SkyAgent Overview

SkyAgent is a generic agent layer for training and evaluating agents. It is a flexible frontend for building your own agents.

SkyAgent is designed primarily for researchers to have a unified interface around implementing agentic tasks. A modular design allows researchers to

Bring in their own tasks
Use any training backend or simply run evaluation
Modify runtime implementation for a given task (docker, etc)
Improve dispatching logic for a batch of trajectories easily
And more ...

SkyAgent is still under active development. We welcome any early feedback and contributions.

Examples

We have a few examples in the examples folder:

Evaluation: OpenAI: This example shows how to run evaluation with an OpenAI compatible endpoint.
Training: SkyAgent and SkyRL-train : Training a model on the SWEBench task with SkyRL-train.
Training: SkyAgent and VeRL : Training a model on the SWEBench task with VeRL.

Core components

SkyAgent consists of the following components:

AgentRunner : The main entrypoint for Skyagent is the AgentRunner class - it's responsible for generating trajectories for the given batch of prompts
Trajectory : the trajectory class handles generating a single trajectory for the given instance from the batch.
Agent : This is simply an LLM with the ability to call tools.
Task : The task class contains the task specification such as initial instruction, how the agent's runtime should be setup, how to evaluate results, etc.
Dispatcher : the dispatcher is responsible for efficiently handling trajectory execution for a batch of prompts.
Backend : Backend is the LLM backend for generating responses. For example, vLLM for inference or SkyRL-train's inference engines for training.

Trajectory

The trajectory class handles generating a single trajectory for the given instance from the batch. It has three methods:

initialize_trajectory: Initialize the trajectory eg: setup any runtime environment needed for the agent to run.
generate_trajectory: Generate the trajectory i.e. run the agent loop and get the final conversation and task results.
evaluate_trajectory: Evaluate the trajectory i.e. parse the final result and evaluate it for the given task.

The results of both generate_trajectory and evaluate_trajectory are stored in a .result attribute of the trajectory. Each trajectory instance will initialize an Agent instance to generate responses.

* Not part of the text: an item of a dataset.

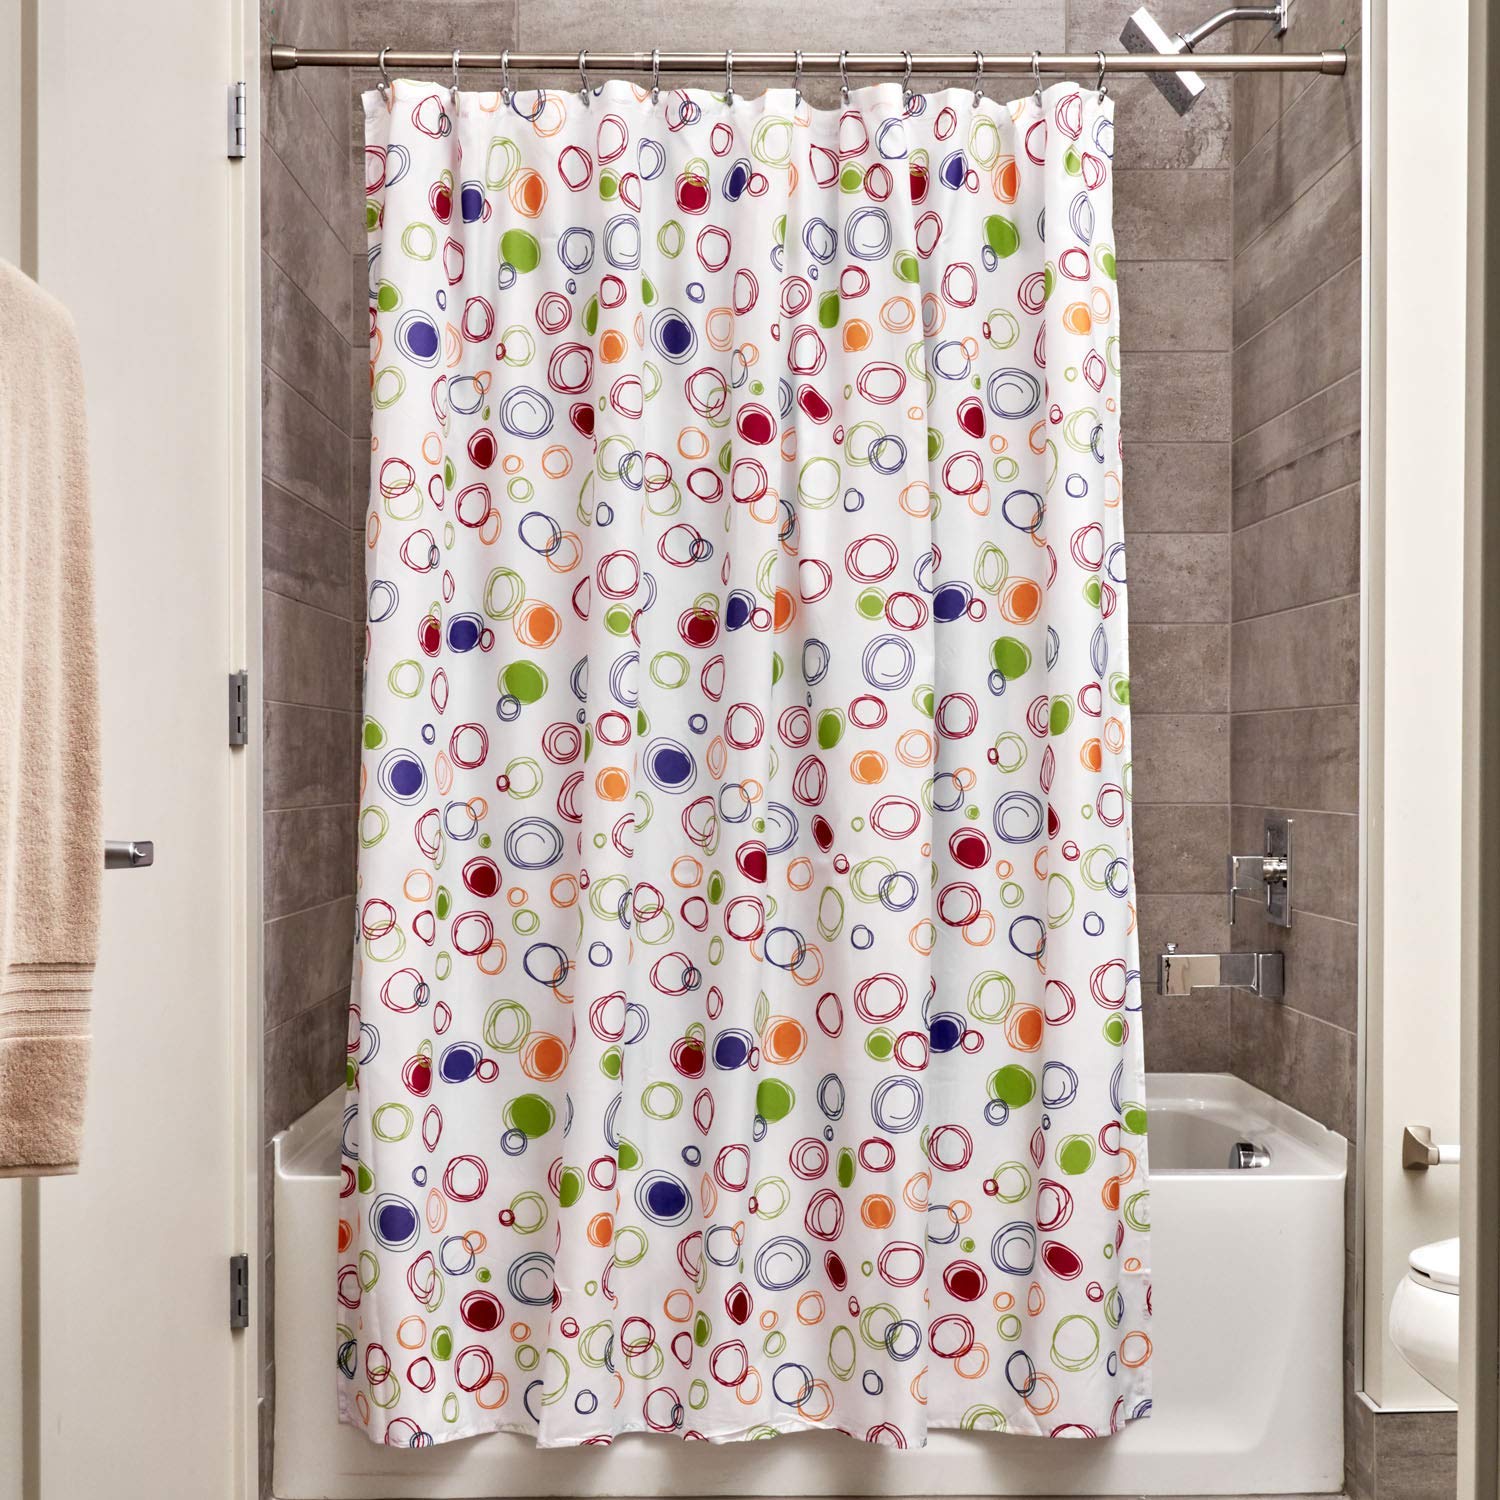 iDesign Multi-Colored Fabric Doodle Shower Curtain

Here's a high-level diagram of the components involved in generating a trajectory:

Generate Trajectory

Agent

The agent class is a simple wrapper around an LLM with the ability to call tools. It mainly has a step method that generates an assistant response to the current history. The agent class manages history and response parsing. The actual LLM call is handled by the backend.

Backend

The backend is the LLM backend for generating responses. For example, this can be an OpenAI-compatible webserver for inference or SkyRL-train for training.

Dispatcher

The dispatcher handles the actual execution of a batch of trajectories efficiently. It takes in a batch of trajectories and executes initialize_trajectory, generate_trajectory, and evaluate_trajectory for each trajectory in certain concurrency.

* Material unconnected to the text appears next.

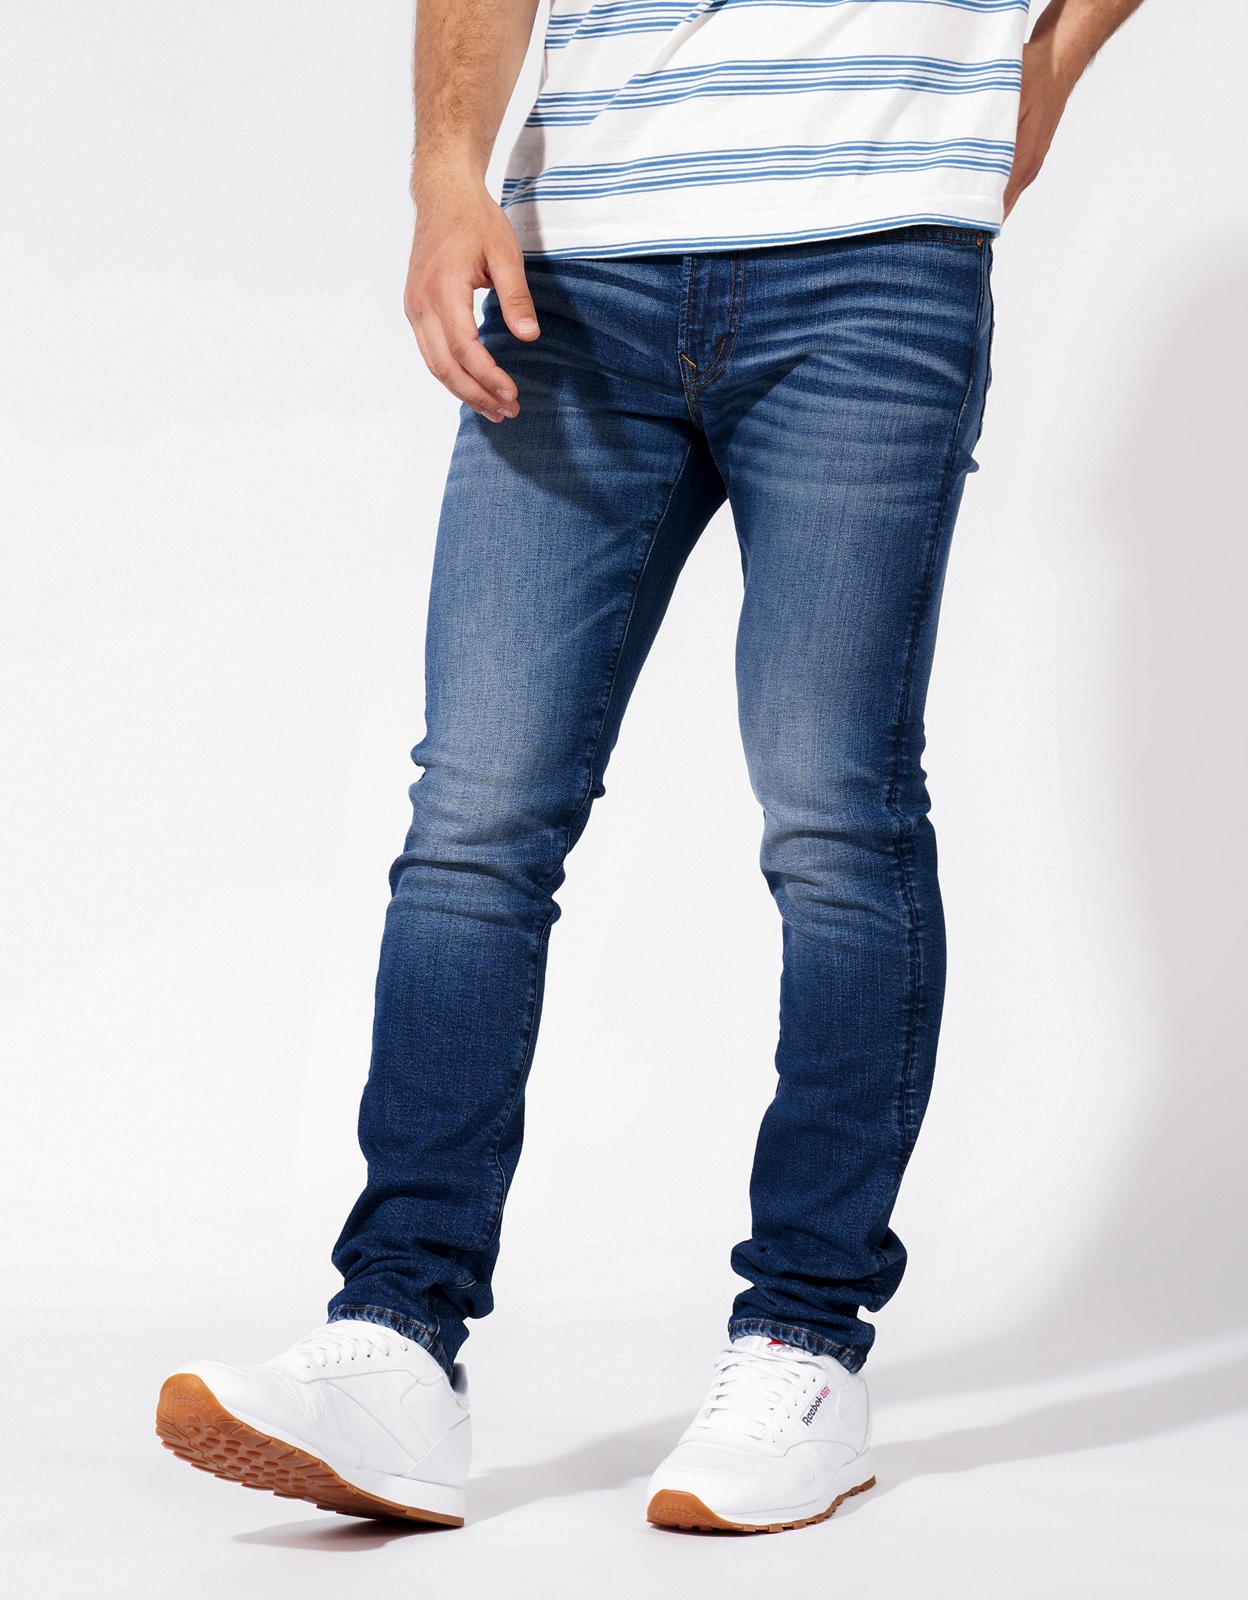 Buy AE AirFlex+ Athletic Skinny Jean online | American Eagle Outfitters UAE

For example, we provide a pipelined dispatcher that can run multiple trajectories in parallel with a maximum concurrency per stage (initialize, generate, evaluate) of max_parallel_agents.

SkyAgent Dispatcher

Overview of the pipelined dispatcher with max_parallel_agents=3

Task

The task class has the following methods:

initialize_runtime: Initialize the runtime for the task in an asyncio-compatible way
get_instruction: Get the initial instruction for the agent in the OpenAI messages format
complete_runtime: Complete or finalize the runtime for the task. For example, this can involve extracting the git patch from the runtime for SWEBench.
evaluate_result: Evaluate model result for the task in an asyncio-compatible way

We currently provide two tasks:

SWEBenchTask : Implements the SWEBench task leveraging OpenHands .
GeneralReactTask : A general task implementation for many basic reasoning tasks like math, science, simple code generation, etc.